Go through the listing below and output exactly the line with "gettin rowdy - 303rider", the line with "Miss aloha muscle bikini contest", and each line between; omit the rest.

» **The input**:

=== Begin Enclosure ===

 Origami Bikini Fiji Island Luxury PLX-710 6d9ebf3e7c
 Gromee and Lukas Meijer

=== End Enclosure ===
=== Begin Enclosure ===

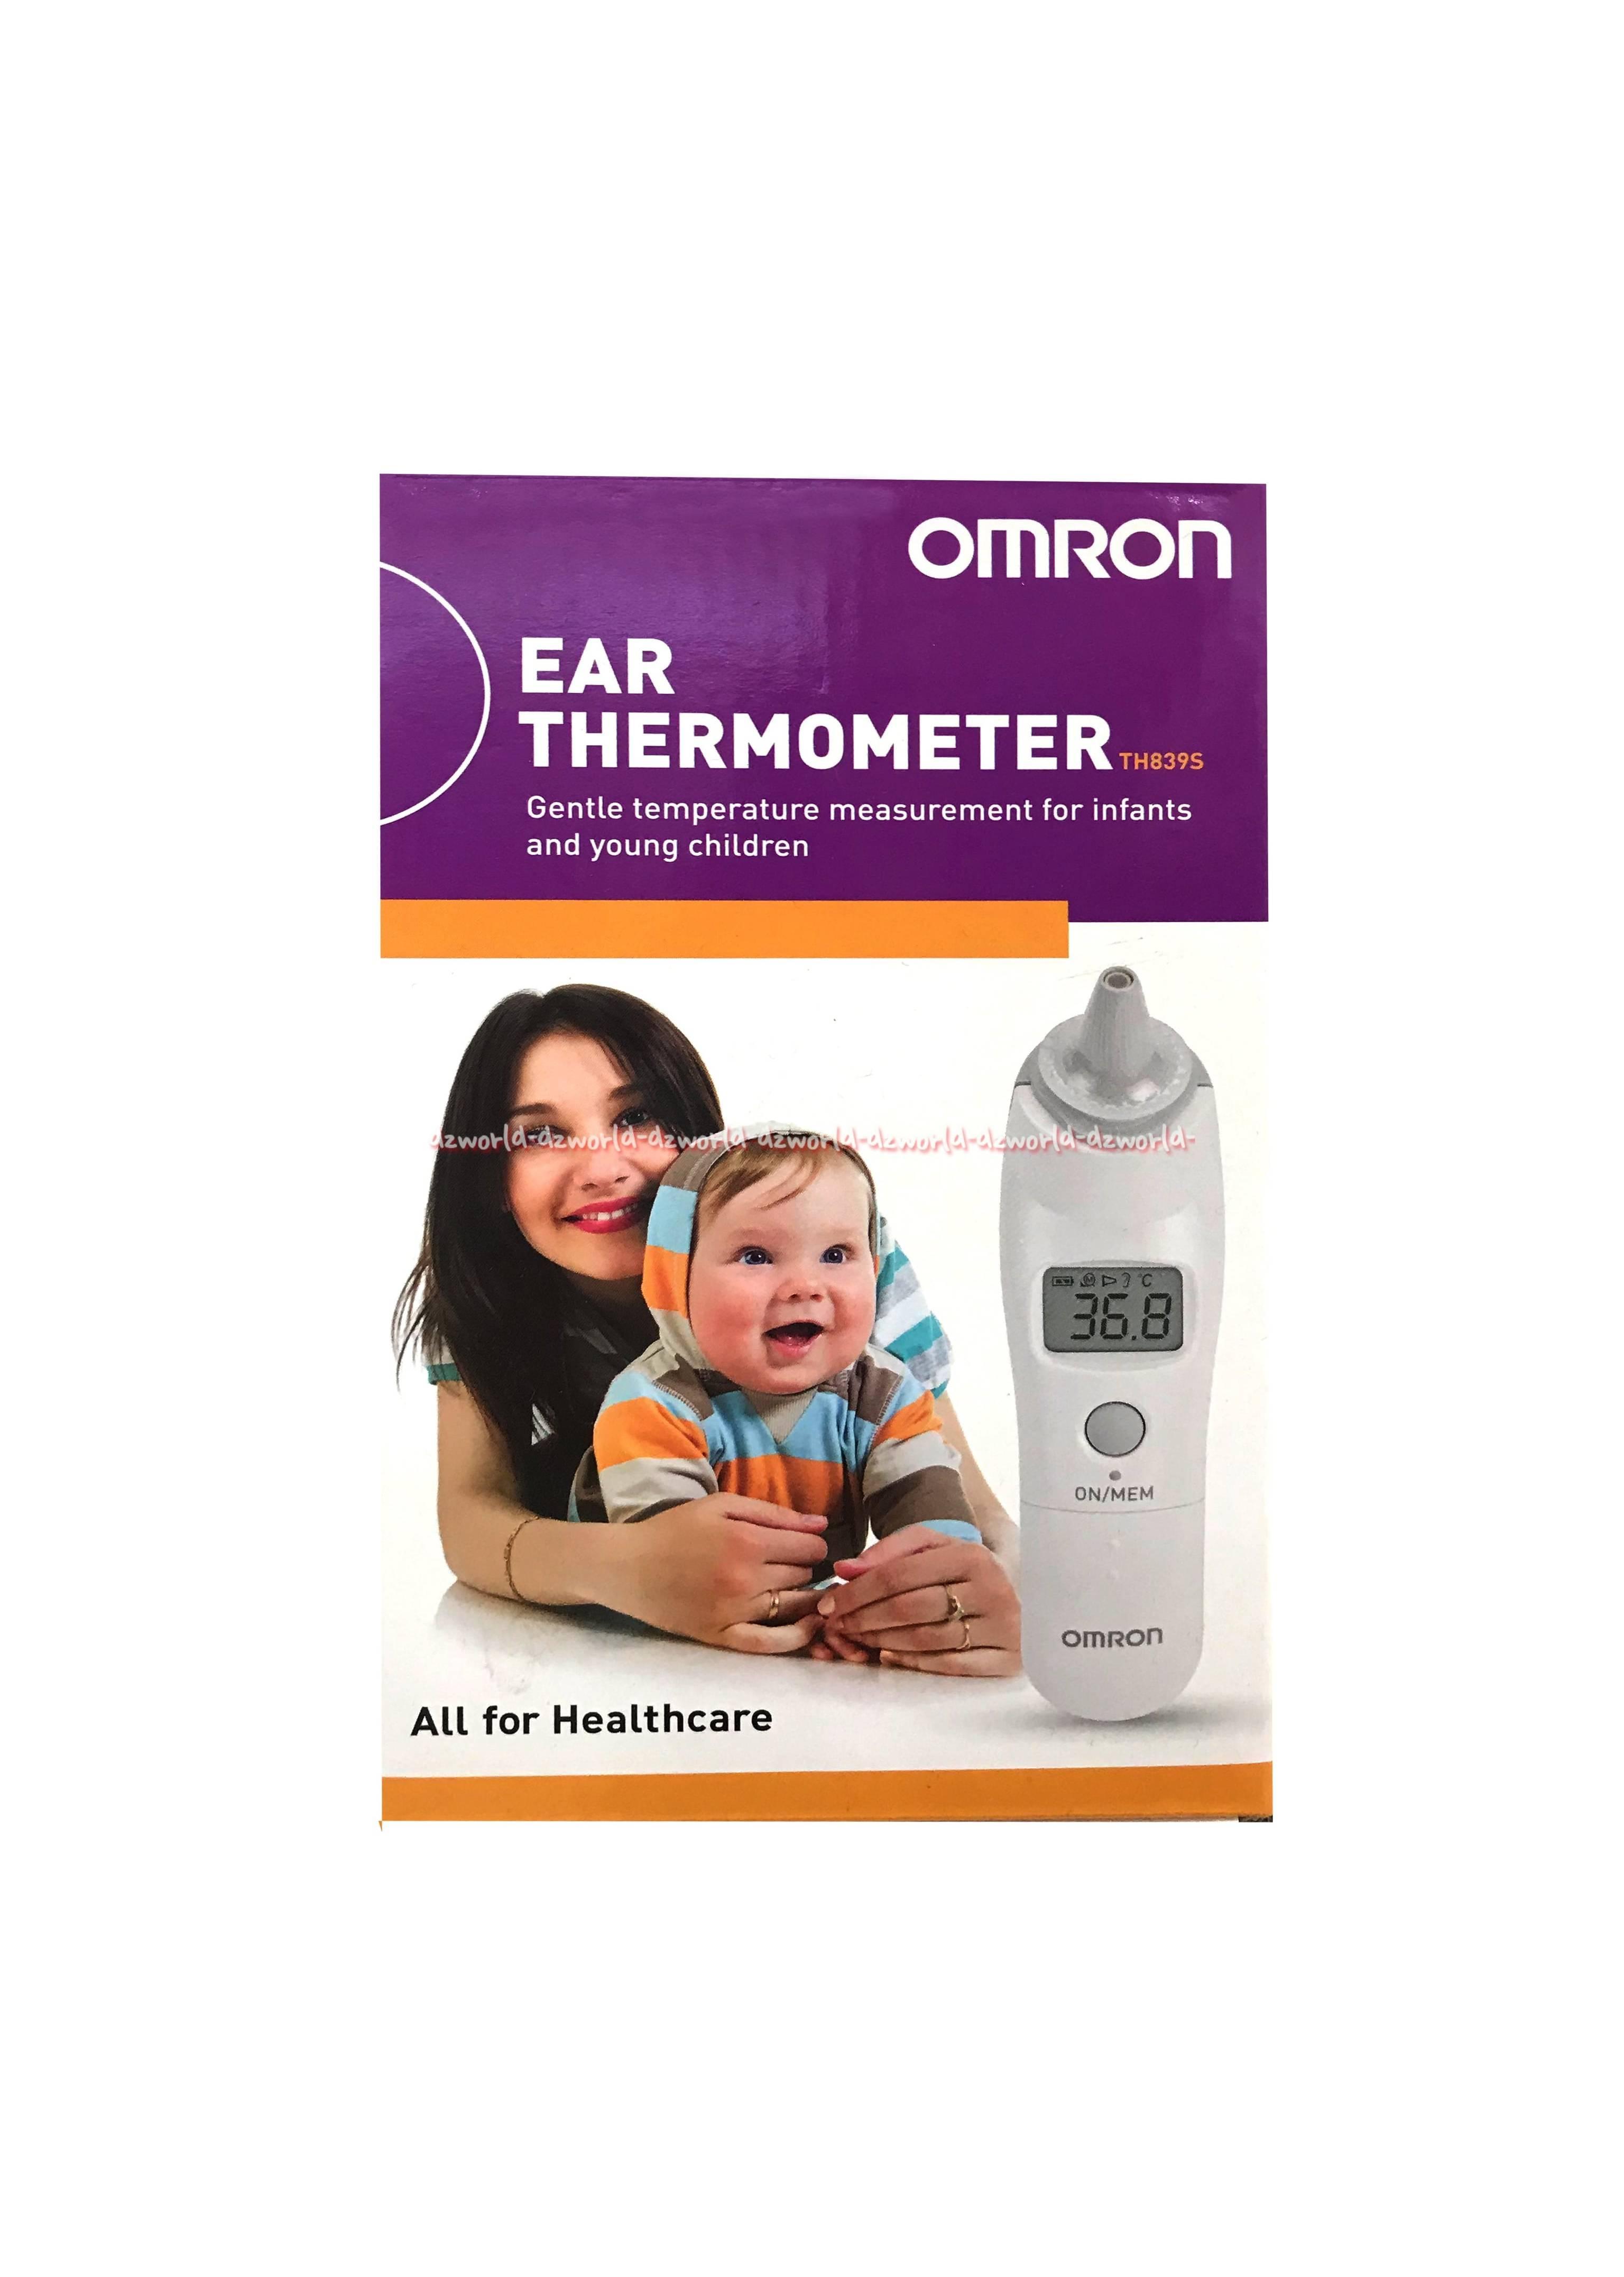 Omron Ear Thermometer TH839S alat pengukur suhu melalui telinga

=== End Enclosure ===
=== Begin Enclosure ===

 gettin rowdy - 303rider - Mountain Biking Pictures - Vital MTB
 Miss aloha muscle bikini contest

=== End Enclosure ===

» **Exercise answer**:
 gettin rowdy - 303rider - Mountain Biking Pictures - Vital MTB
 Miss aloha muscle bikini contest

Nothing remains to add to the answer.